Baba Hillman grew up in Venezuela, Mexico and Japan. Her films were shown at the Museum of Contemporary Art in Los Angeles at the Anthology Film Archives in New York, ICAIC (Havana), the Rencontres Paris, Berlin, and the European Media Art Festival (Osnabruck).

Michael Rice is a young filmmaker who works in Amherst. His films will be screened in France for the first time.

Programme:
- The gravity of our wakefulness (Michael Rice, 2011, 16 mm double projection, col-b&w, sound, 13')
Sensation of falling, memory of a jump from the bridge of the North River - the moment of weightlessness above the black waters of the river. A tribute to Robert Seydel.

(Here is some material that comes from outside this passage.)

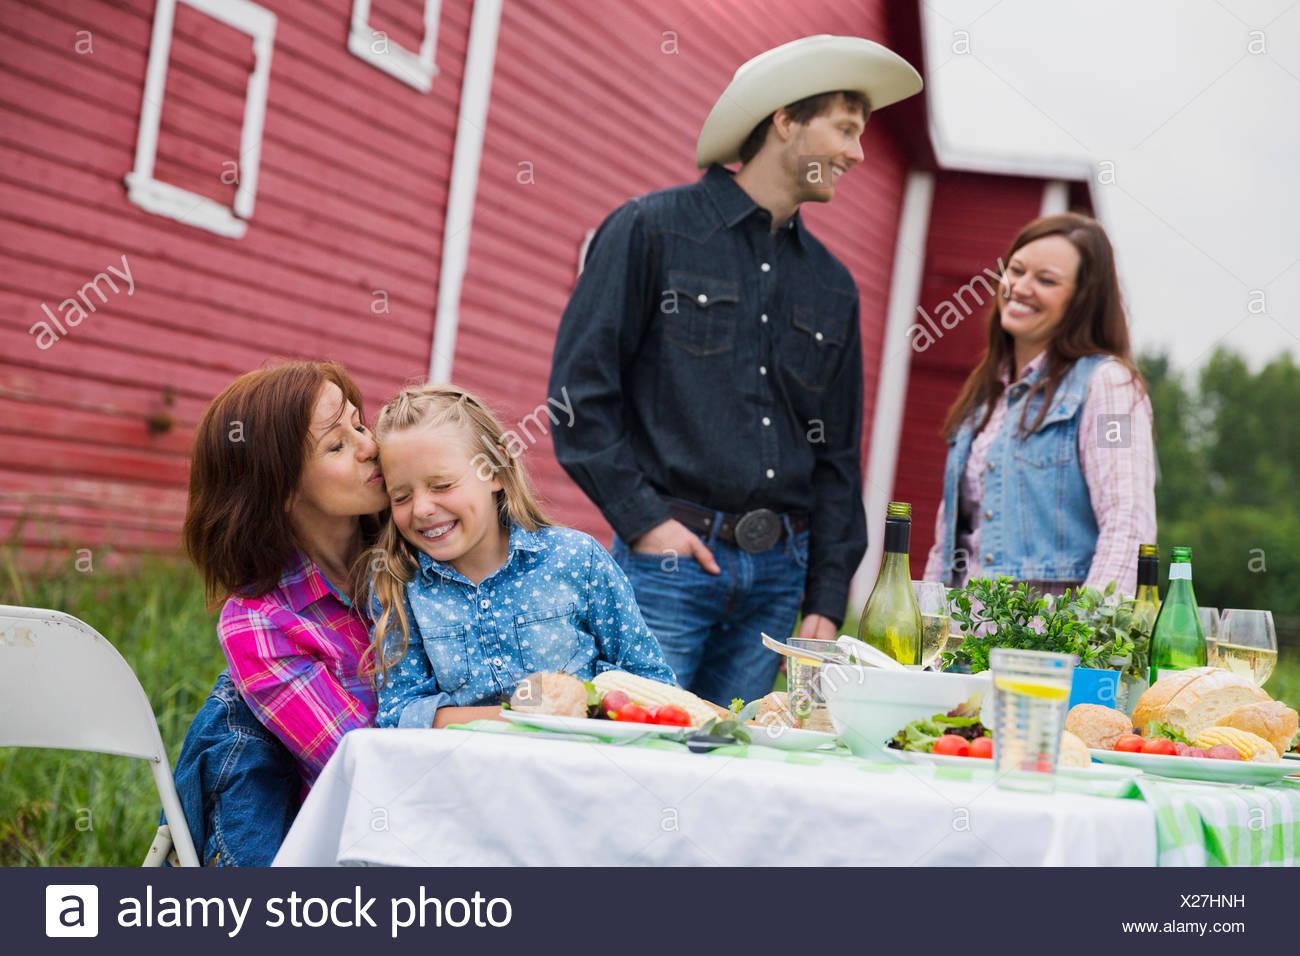 Famiglia di gustare la cena al di fuori di un fienile Immagini Stock

- Decroux's garden (Baba Hillman, 2012, 16 mm, colour, silent, 4'00)
A return, a figure of disappearance.

- And then…(Abraham Ravett, 2002, 16 mm, colour-b&w, silent, 6' 00)
Turn around, look at the past and, in retrospect, ask "What has happened?"

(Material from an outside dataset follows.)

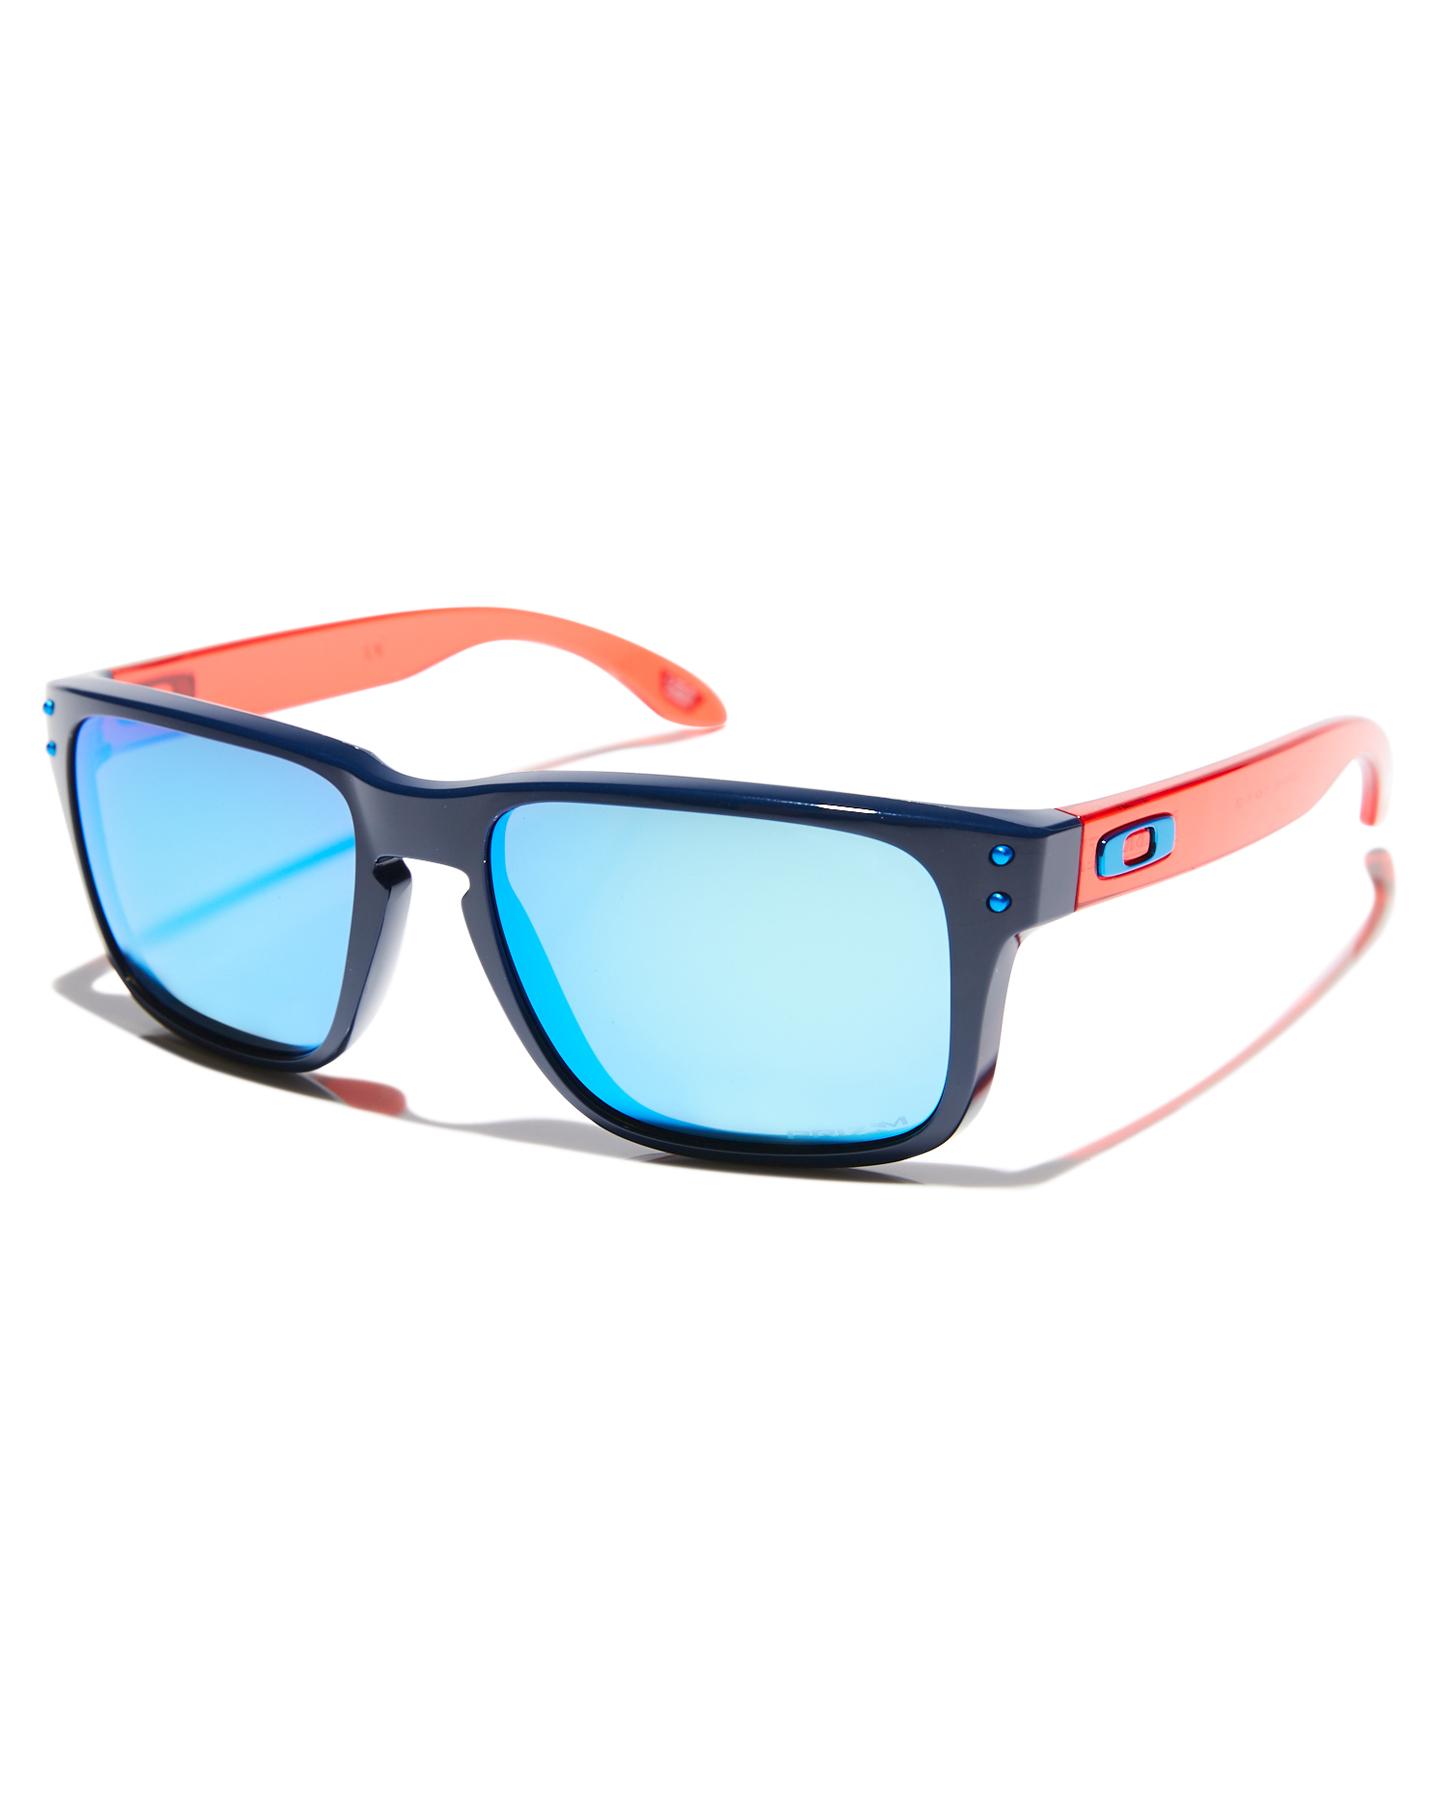 Oakley Youth Holbrook Xs Sunglasses Polished Navy Prizm

- Non-aryan (by Abraham Ravett, 2009, 16 mm, colour, silent, 12'00)
Portrait of a "non-Aryan" who came to New York in 1955.

- Notes for a Polish jew (Abraham Ravett, 2012, 16mm, colour, silent, 8')
If his father had not died at the age of seventy-four, this film could have been a response to the city or in 1944, he saw his family for the last time. Filmed in the 80 in Lodz, Poland.